1. (+)-Hydrastine is a phthalide isoquinoline alkaloid, isolated from Corydalis stricta. It has the same 1S,9R configuration as the competitive GABAA receptor antagonist bicuculline and is the enantiomer of the commercially available (-)-hydrastine. 2. (+)-Hydrastine (CD50 0.16 mg kg-1, i.v.) was twice as potent as bicuculline (CD50 0.32 mg kg-1, i.v.) as a convulsant in mice. This action was stereoselective in that (+)-hydrastine was 180 times as potent as (-)-hydrastine. 3. (+)-Hydrastine was a selective antagonist at bicuculline-sensitive GABAA receptors in the guinea-pig isolated ileum. It did not influence phaclofen-sensitive GABAB receptors or acetylcholine receptors in this tissue. (+)-Hydrastine was a competitive antagonist of GABAA responses (pA2 6.5) more potent than bicuculline (pA2 6.1). 4. When tested against the binding of [3H]-muscimol to high affinity GABAA binding sites in rat brain membranes, (+)-hydrastine (IC50 2.37 microM) was 8 times more potent than bicuculline (IC50 19.7 microM). 5. As an antagonist of the activation of low affinity GABAA receptors as measured by the stimulation by GABA of [3H]-diazepam binding to rat brain membranes, (+)-hydrastine (IC50 0.4 microM) was more potent than bicuculline (IC50 2.3 microM). 6. (+)-Hydrastine, 10 nM to 1 mM, did not inhibit the binding of [3H]-(-)-baclofen to GABAB binding sites in rat brain membranes.
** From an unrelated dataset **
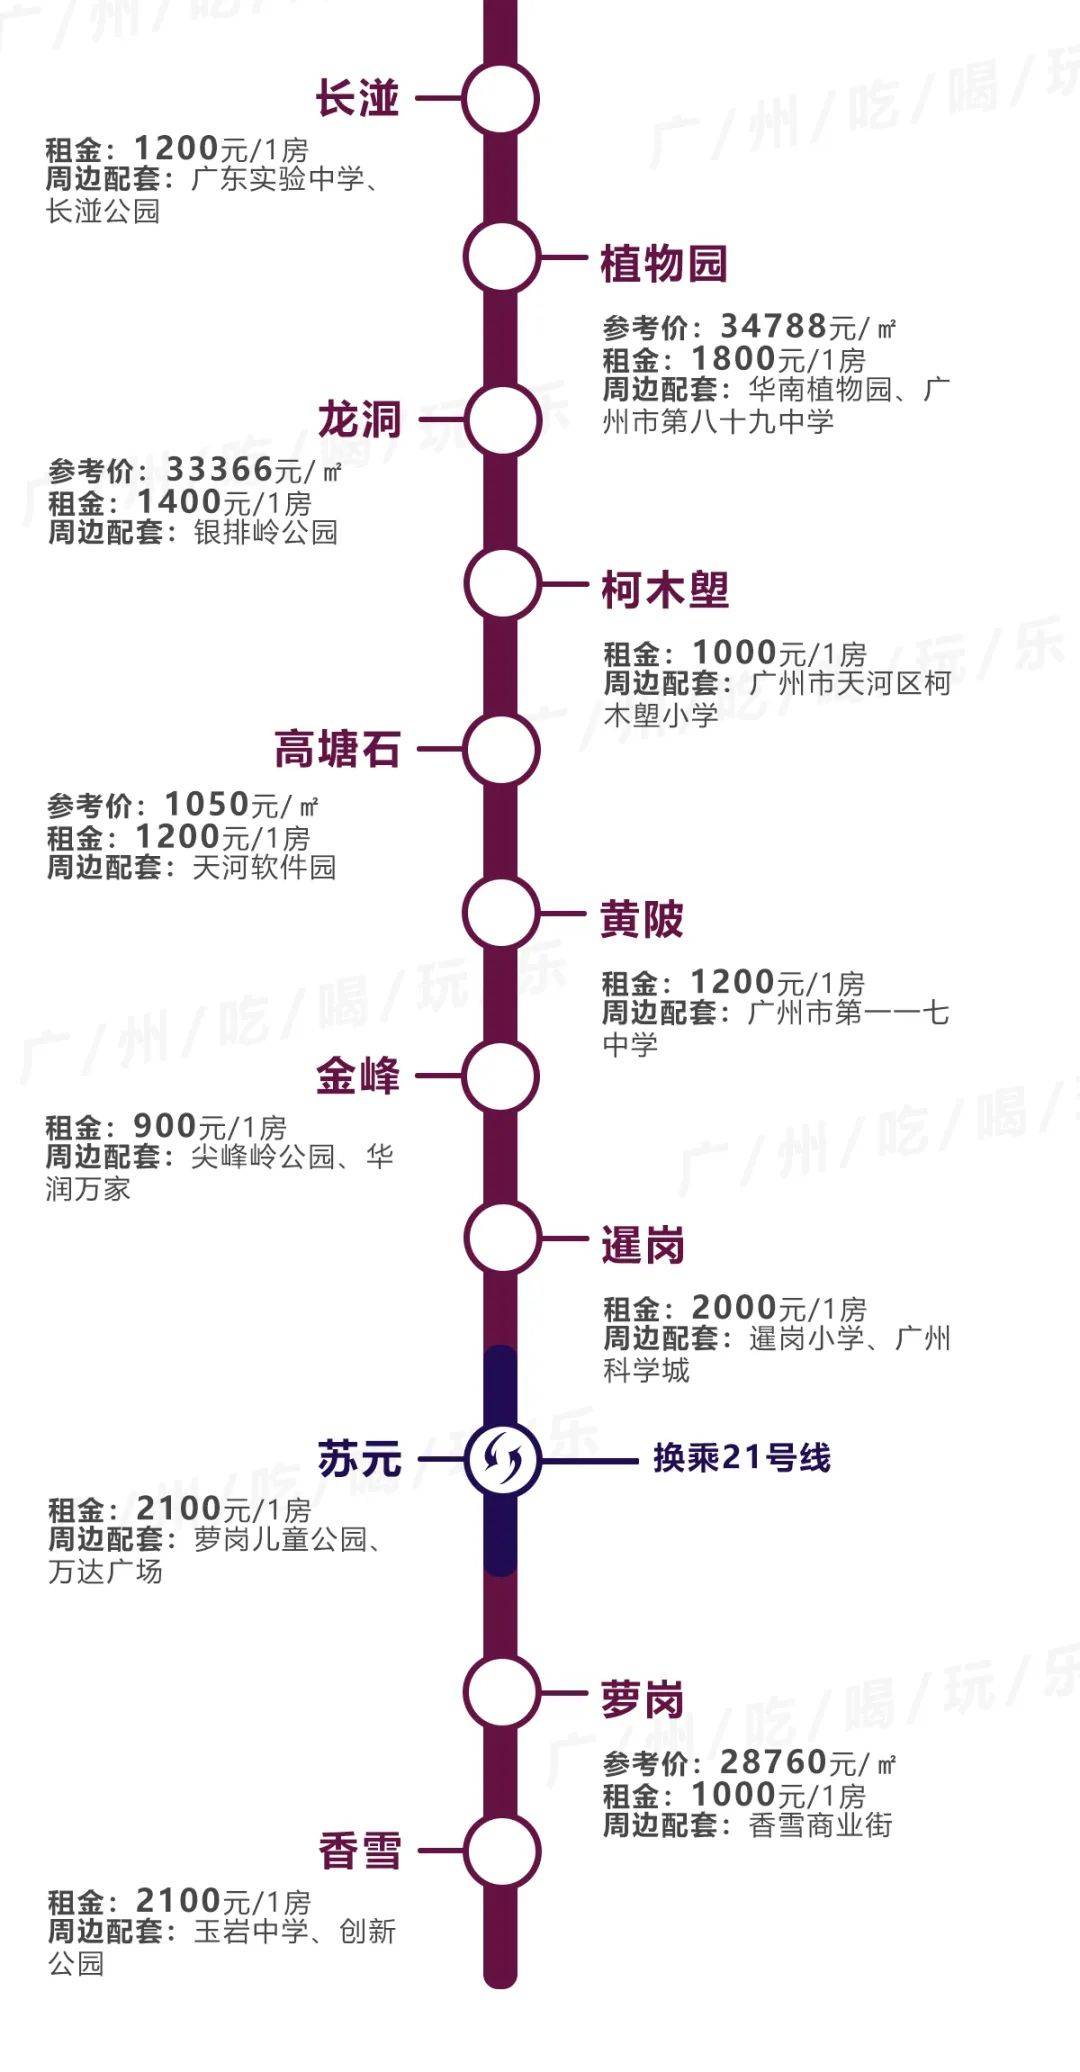 广州租房最便宜的,竟不是东圃棠下…14条地铁230 个站点沿线租金曝光!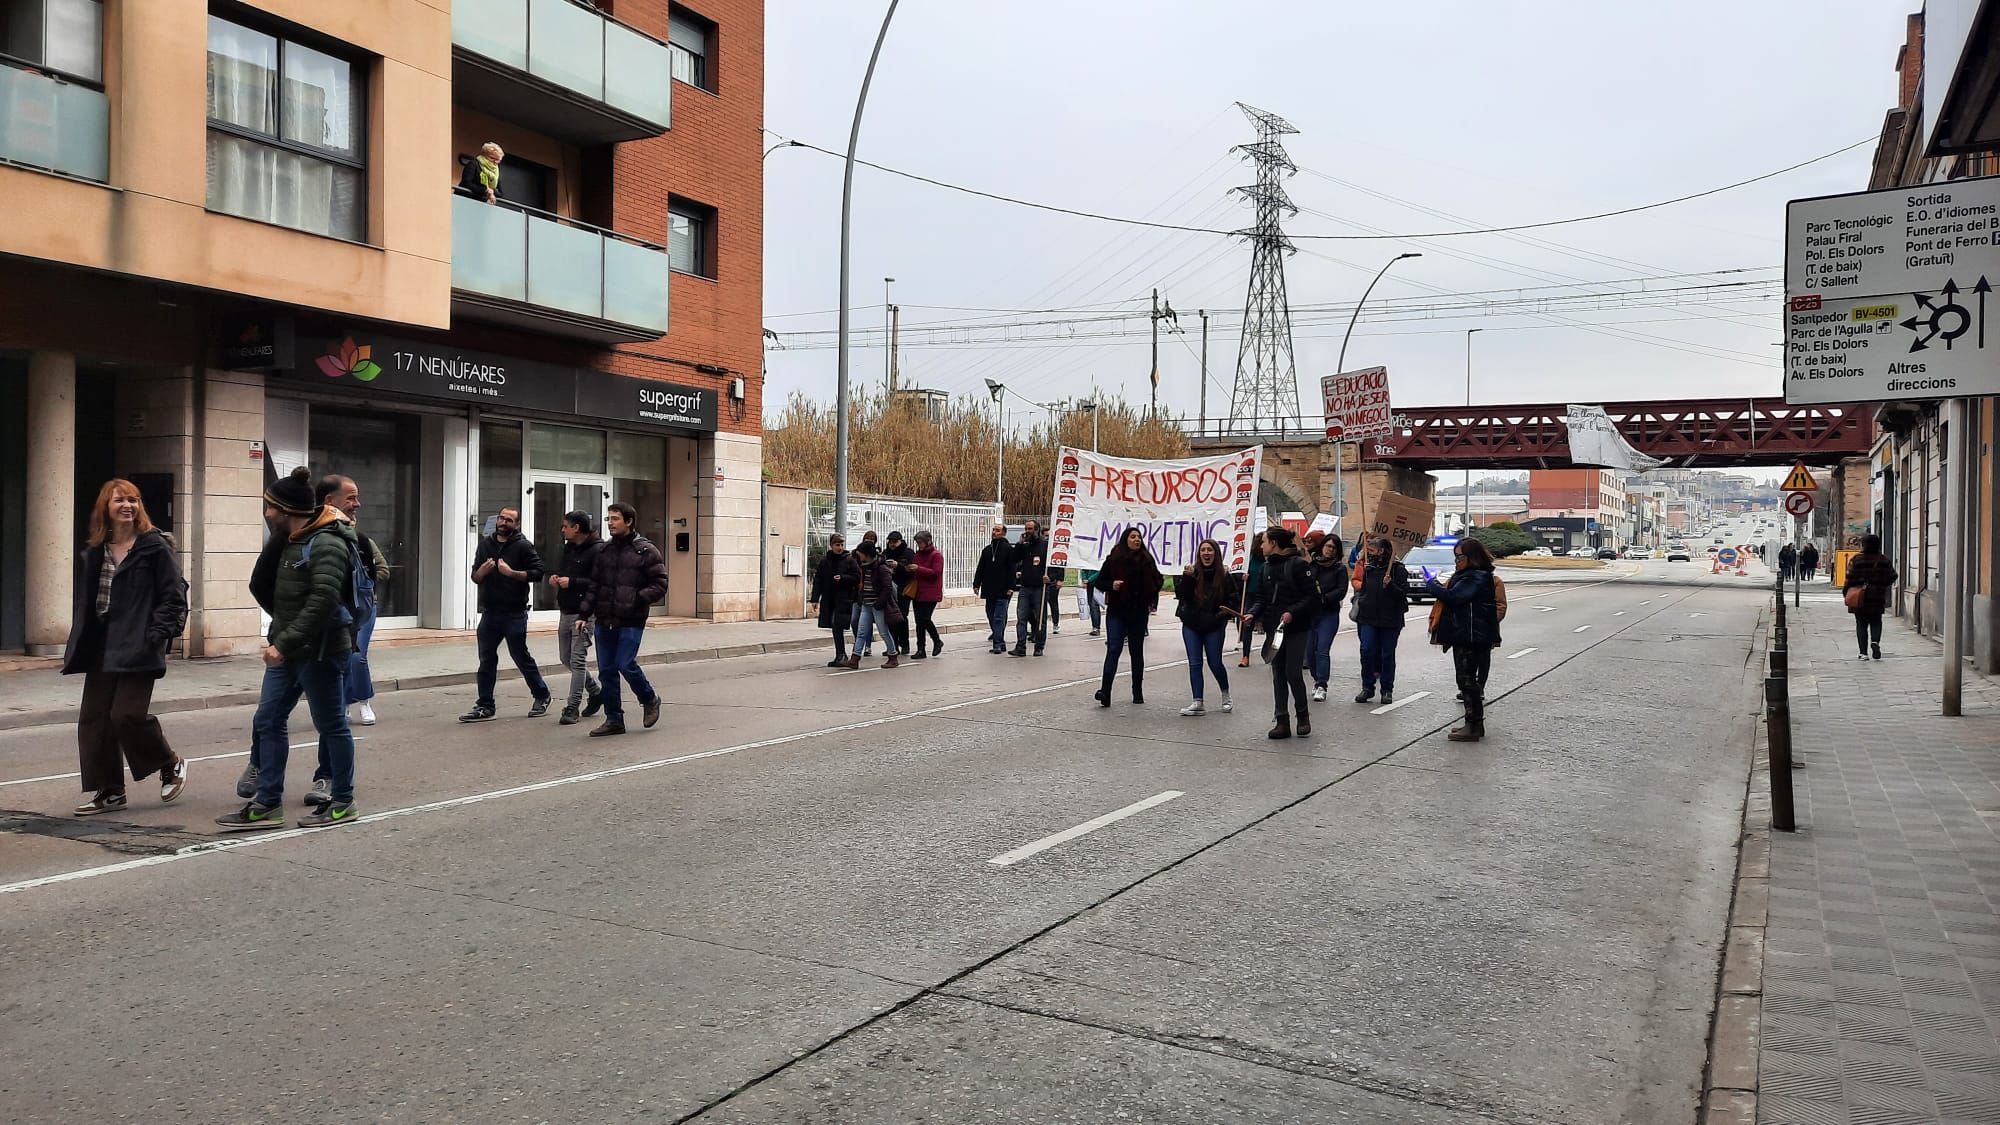 Talls de carretera a Manresa per la protesta de mestres i professors

Effects of (1R,9S)-beta-hydrastine on l-DOPA-induced cytotoxicity in PC12 cells

(1R,9S)-beta-Hydrastine in lower concentrations of 10-50 microM inhibits dopamine biosynthesis in PC12 cells. In this study, the effects of (1R,9S)-beta-hydrastine on L-DOPA (L-3,4-dihydroxyphenylalanine)-induced cytotoxicity in PC12 cells were investigated. (1R,9S)-Hydrastine at concentrations up to 250 microM did not reduce cell viability. However, at concentrations higher than 500 microM it caused cytotoxicity in PC12 cells, as determined with the 3-(4,5-dimethylthiazol-2-yl)-2,5-diphenyltetrazolium bromide (MTT) assay, TUNEL (terminal deoxynucleotidyltransferase dUTP nick-end labeling) method and flow cytometry. Exposure of PC12 cells to cytotoxic concentrations of (1R,9S)-beta-hydrastine (500 and 750 microM) in combination with L-DOPA (20, 50 and 100 microM) after 24 or 48 h resulted in a significant decrease in cell viability compared with the effects of (1R,9S)-beta-hydrastine or L-DOPA alone, and apoptotic cell death was observed. However, the decrease in cell viability induced by (1R,9S)-beta-hydrastine was not prevented by the antioxidant N-acetyl-L-cysteine, indicating that it is not mediated by membrane-based oxygen free radical damage. These data suggest that (1R,9S)-beta-hydrastine has a mild cytotoxic effect and at higher concentration ranges aggravates L-DOPA-induced cytotoxicity in PC12 cells.